**PROVIDED RECORDS:**
———
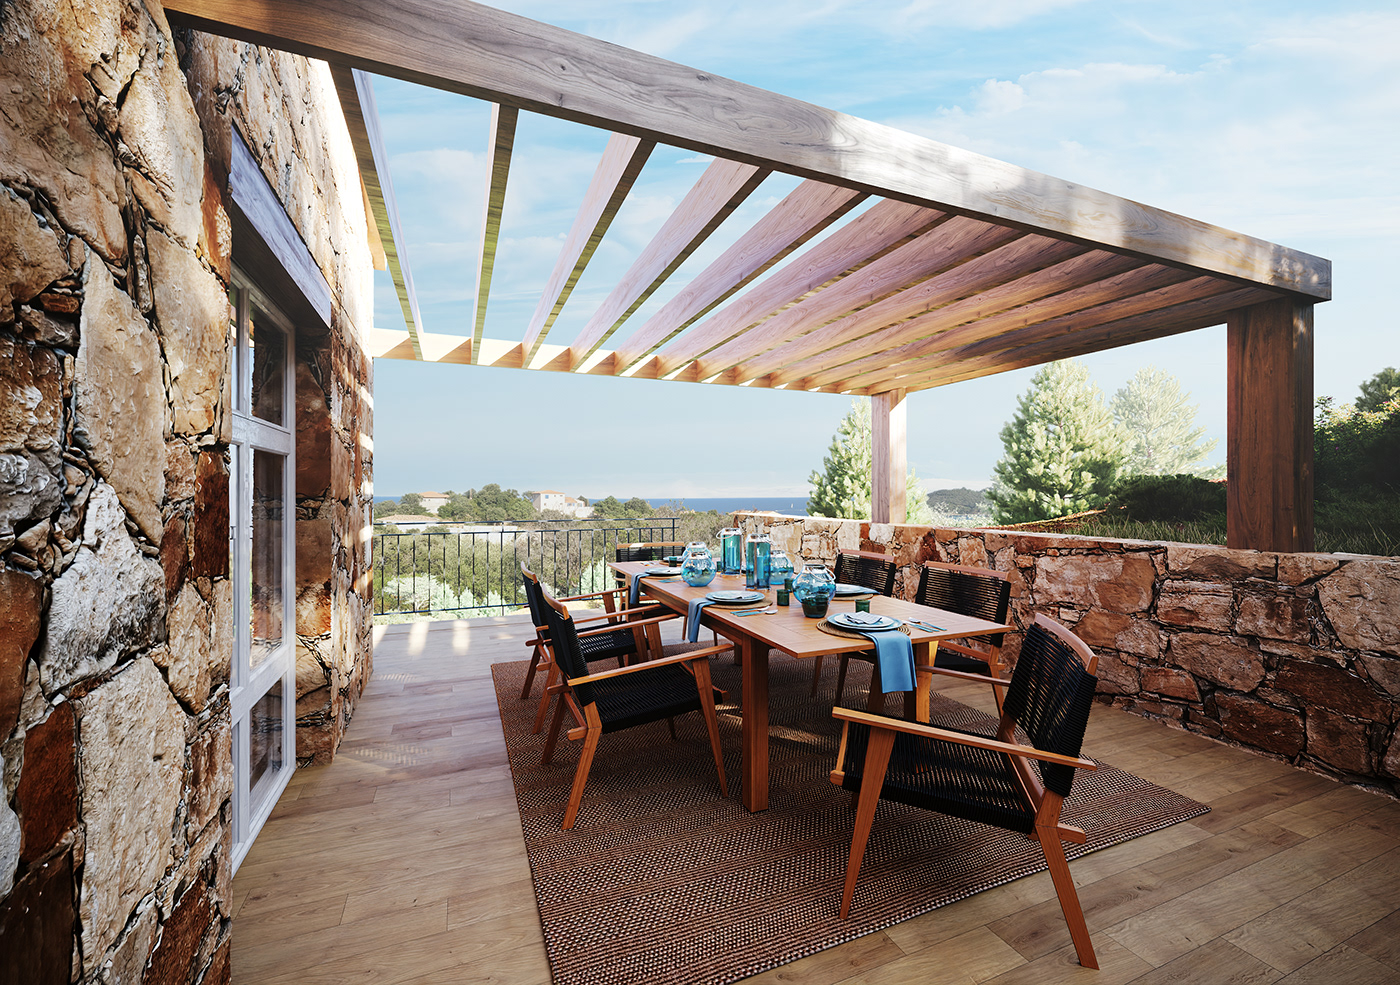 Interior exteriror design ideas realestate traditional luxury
———
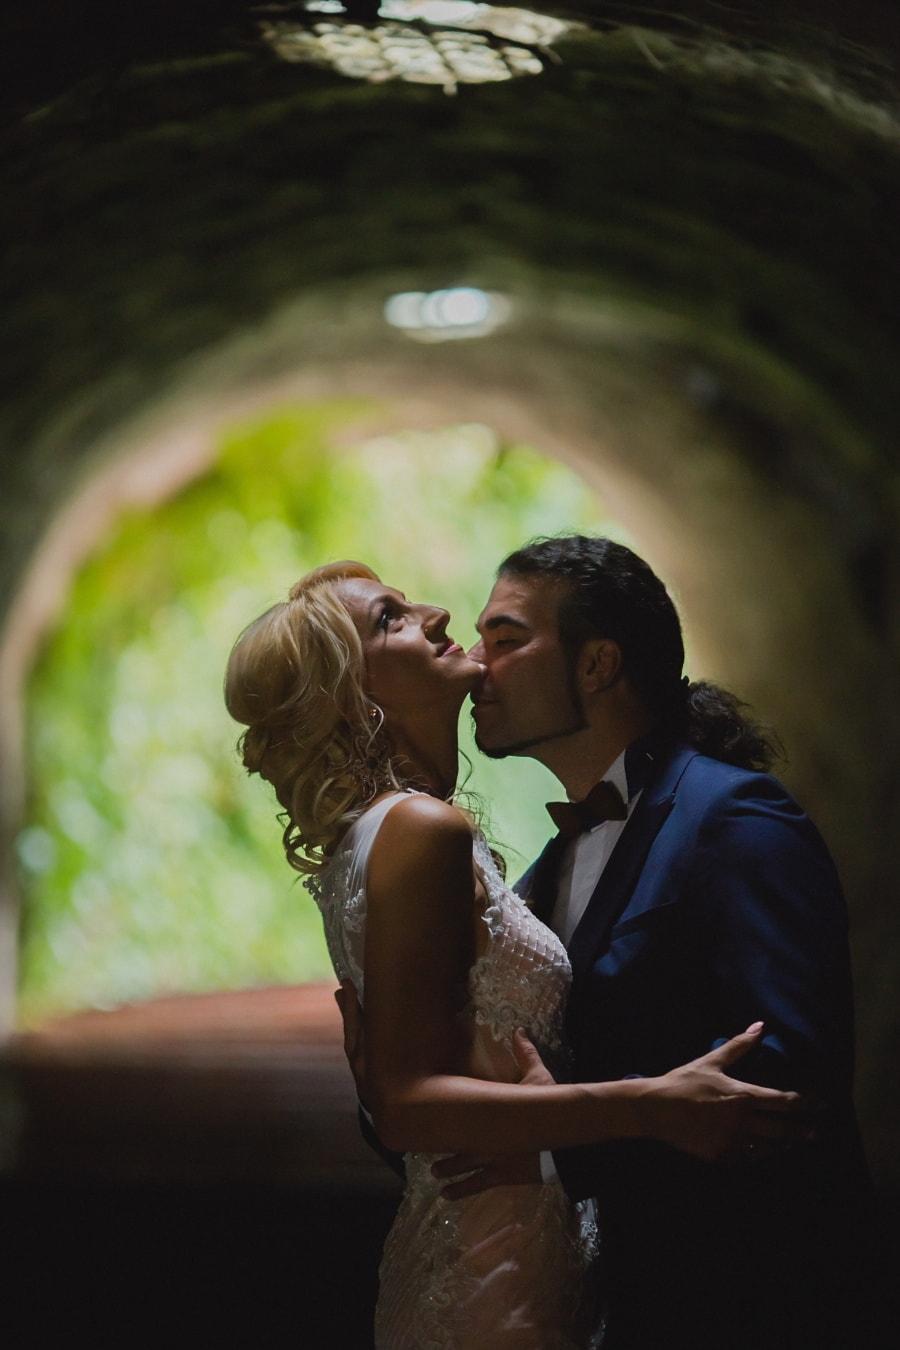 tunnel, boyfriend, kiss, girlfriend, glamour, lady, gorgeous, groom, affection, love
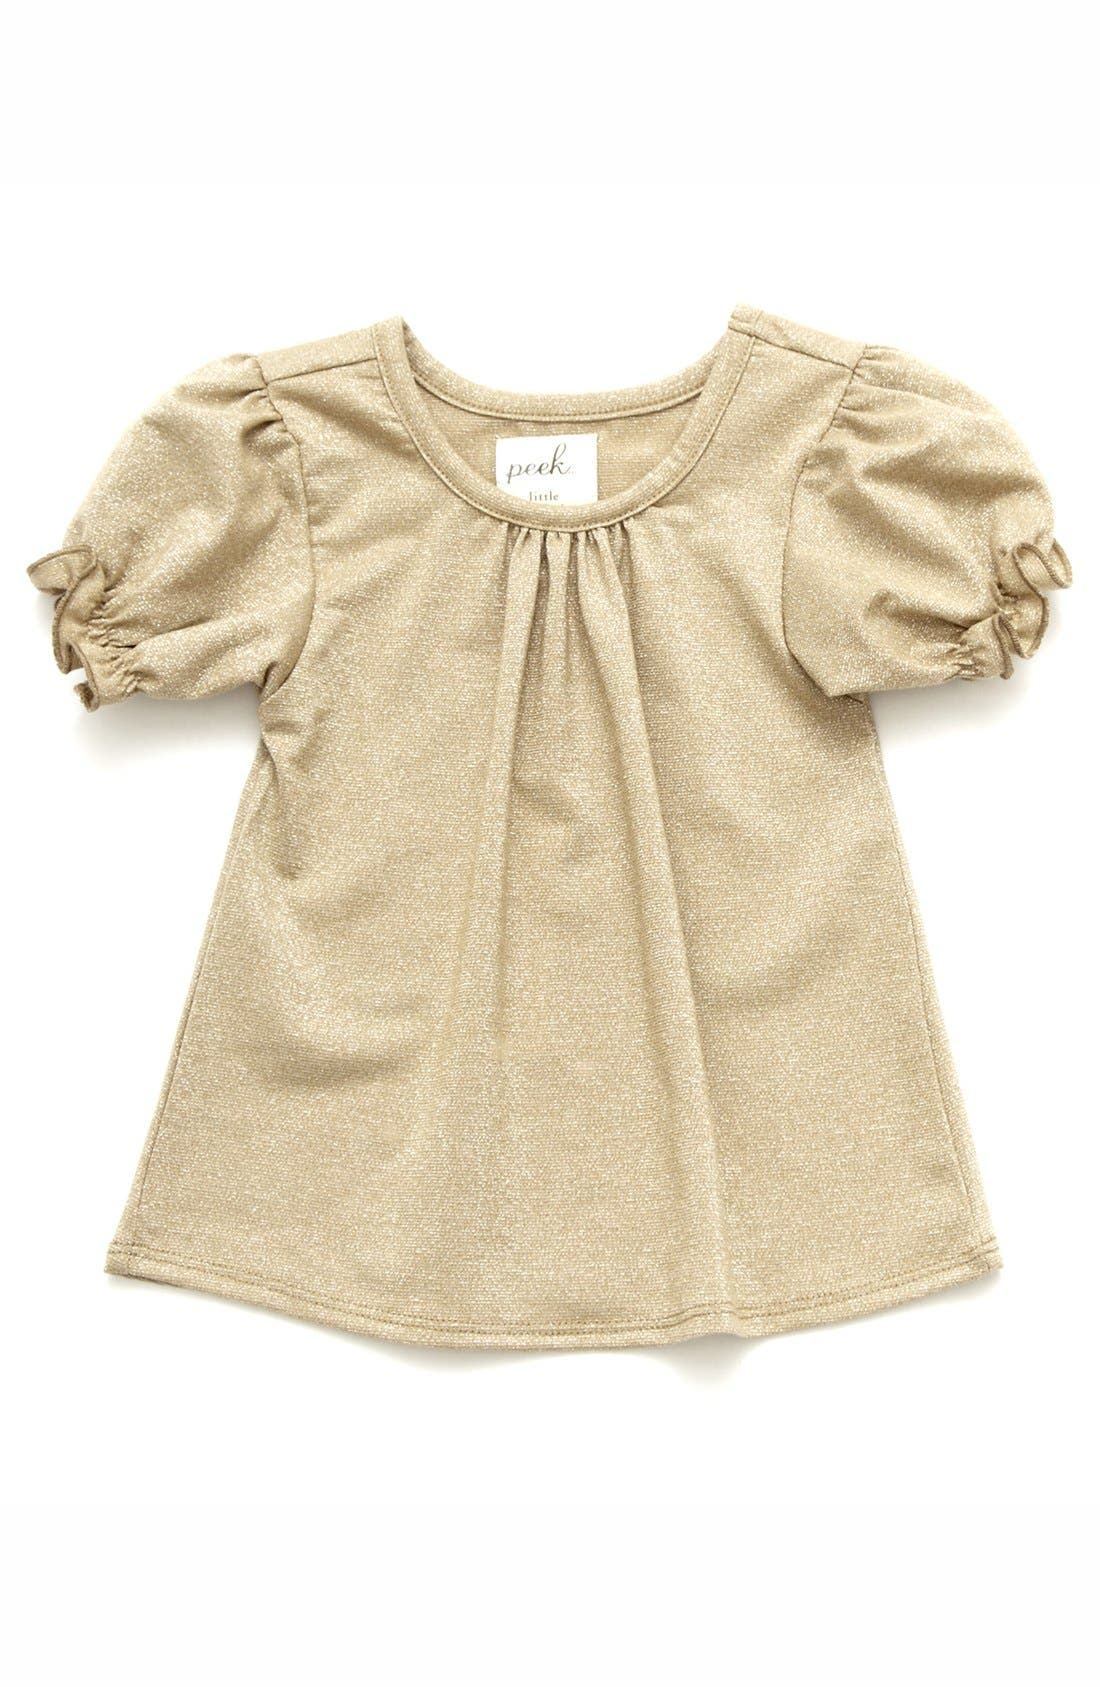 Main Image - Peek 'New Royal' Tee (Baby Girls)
———
**ACTIVITY:** Those lines of the records above that run from the one containing "groom, affection, love" through the one containing "Main Image - Peek" should be returned exactly, with no pictures among them.

**REPLY TO THE TASK:**
 tunnel, boyfriend, kiss, girlfriend, glamour, lady, gorgeous, groom, affection, love
 Main Image - Peek 'New Royal' Tee (Baby Girls)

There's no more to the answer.